The loop in line 10 performs phase 2 computations as formulated in Equation 5. In order to take advantage of the vector units, the loops in lines 16 and 19 are vectorized. Additionally, a column-wise normalization for  $W_{new}$  is performed within phase 2 (lines 24 to 25).

$$W_{new}[:, ((\tau + 1) \times T) : K - 1] =$$

$$W_{new}[:, (\tau \times T) : ((\tau + 1) \times T) - 1]. \quad (6)$$

$$Q[(\tau \times T) : ((\tau + 1) \times T) - 1, ((\tau + 1) \times T) : K - 1]$$



Figure 3: Computations of three phases for updating  $W$ .
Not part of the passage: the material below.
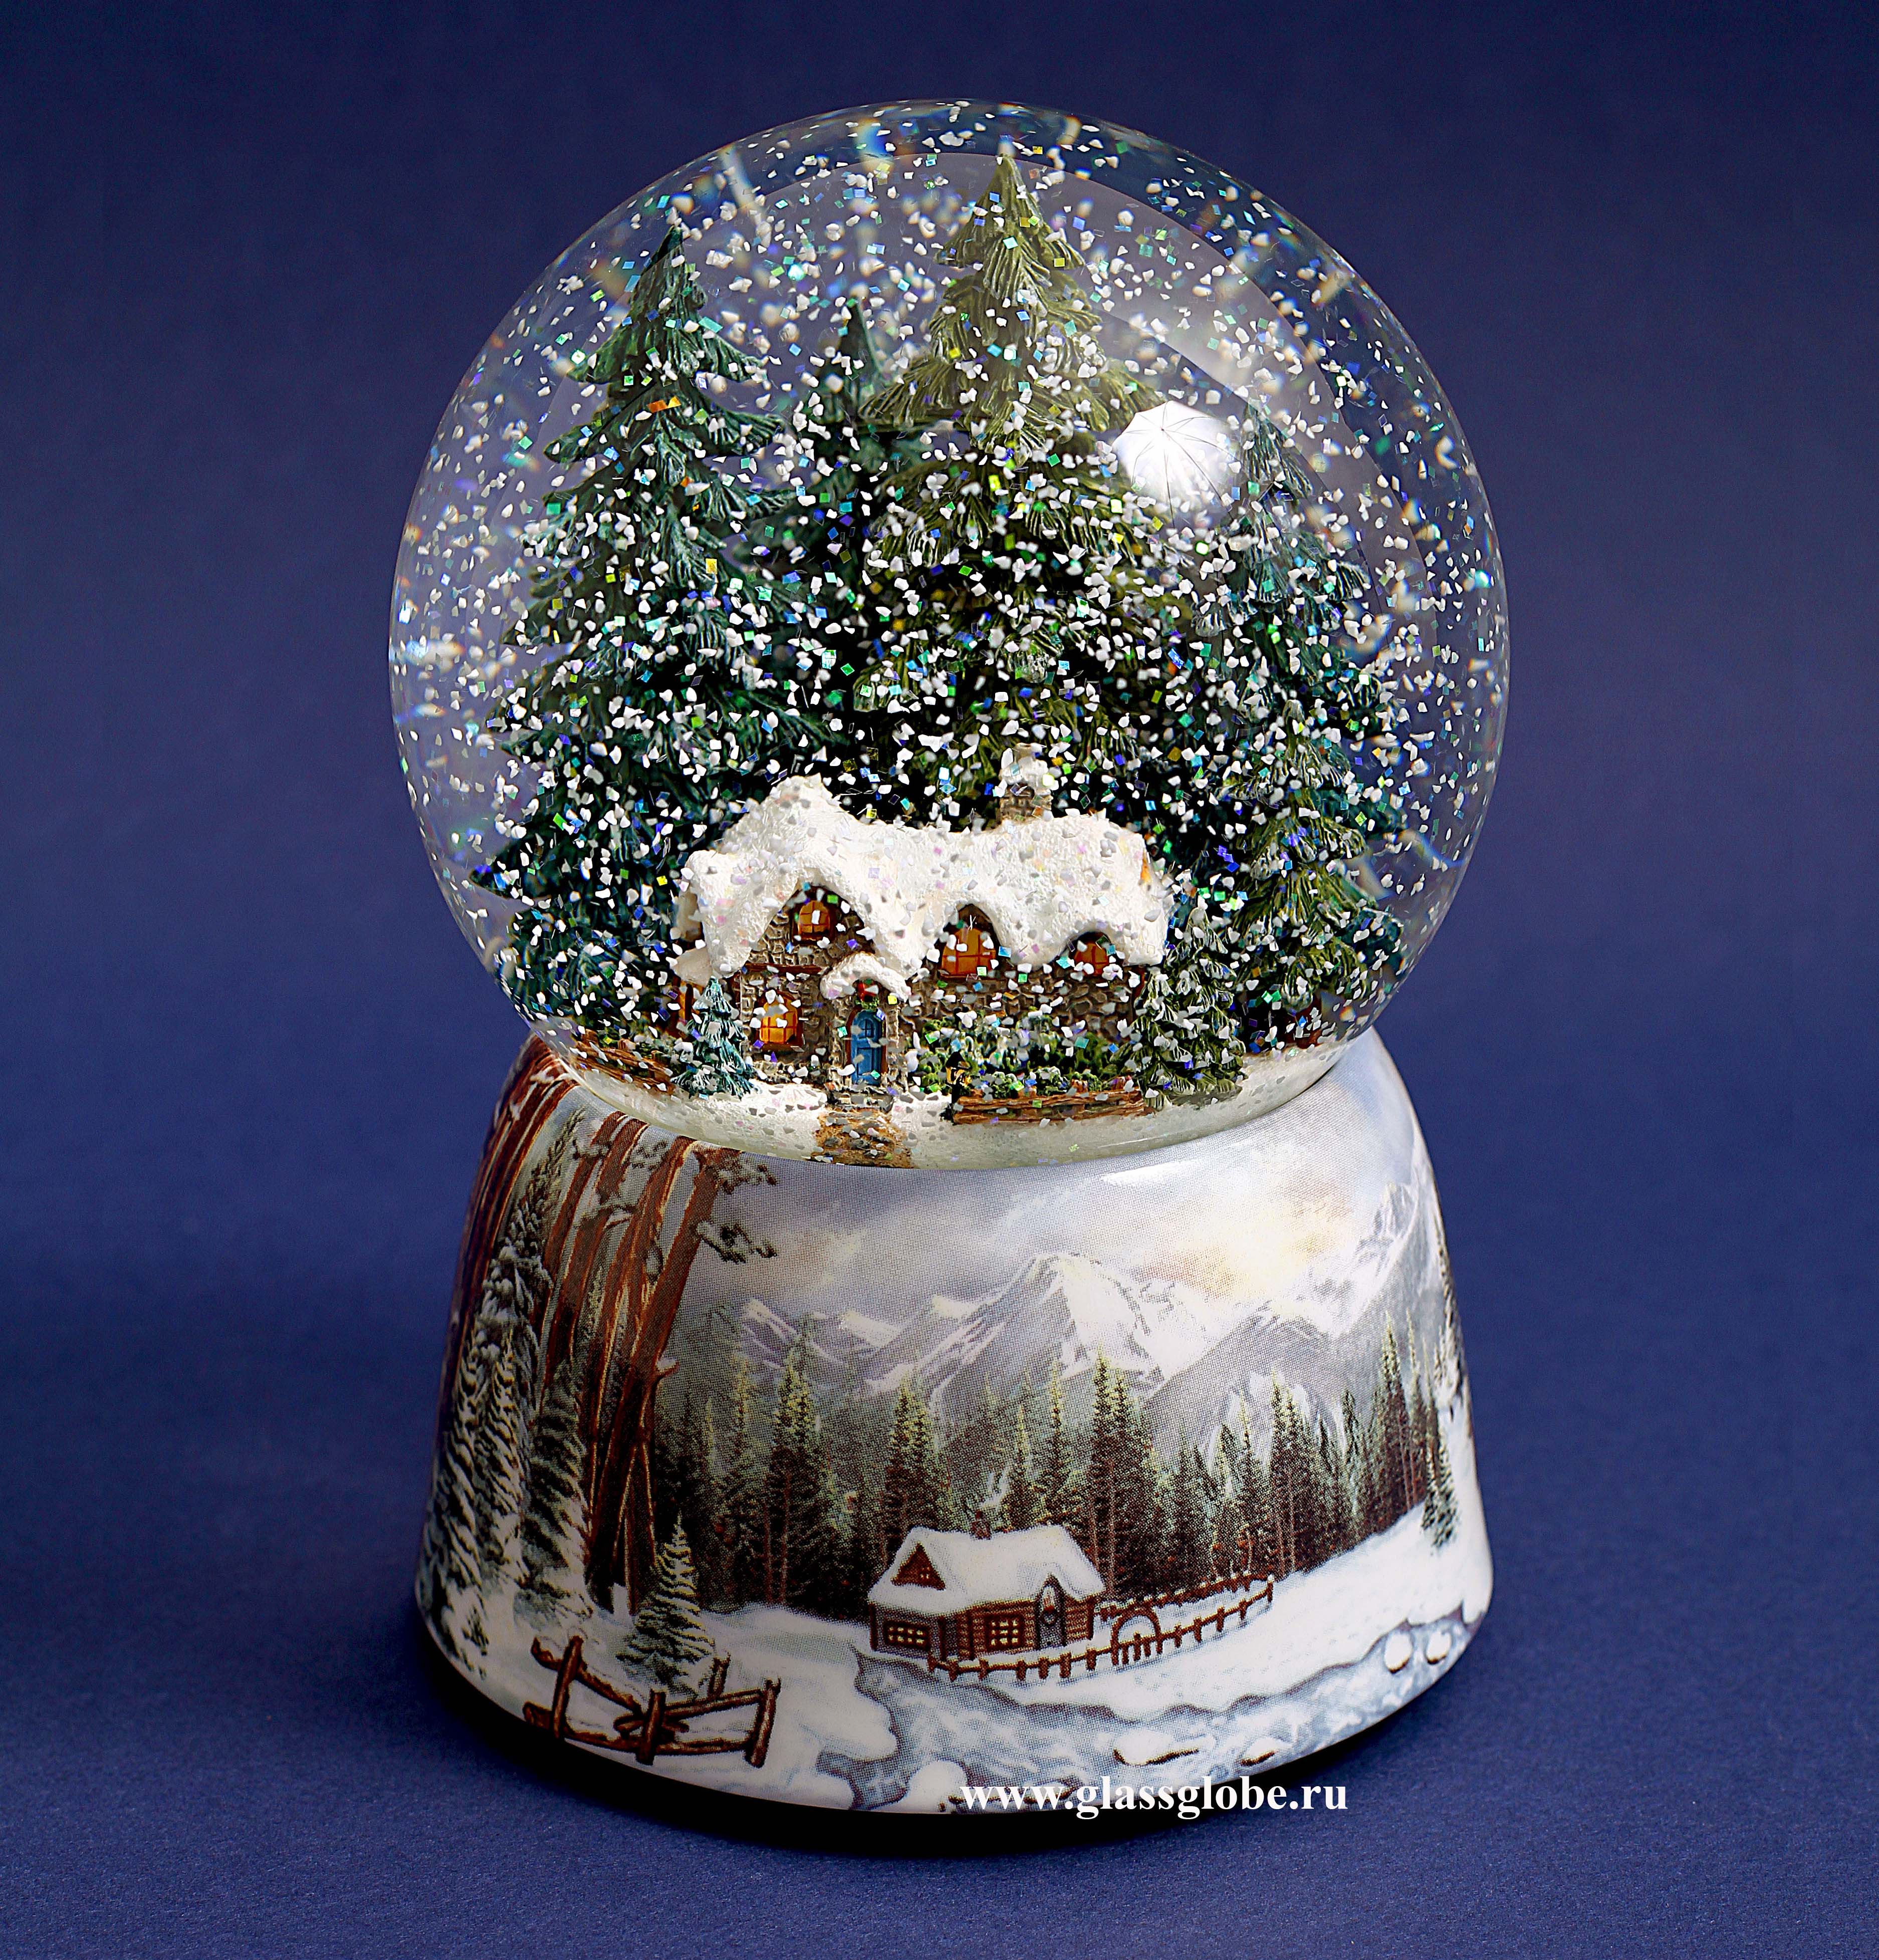 2 снежный шар. Снежный шар Glassglobe. Midland снежный шар. Снежный шар Джейкобстаун. Снежный шар Glassglobe "домик в лесу".

The matrix-matrix multiplication in line 26 corresponds to the phase 3 computations using Equation 6. As depicted in Figure 3, the tiles involving phase 3 and phase 1 computations are different from each other. Finally, ALO-NMF CPU implementation completely substitutes lines 7 to 11 in Algorithm 1 for all lines in Algorithm 2. Similarly,  $H$  will be updated in the same fashion as updating  $W$  except for the normalization.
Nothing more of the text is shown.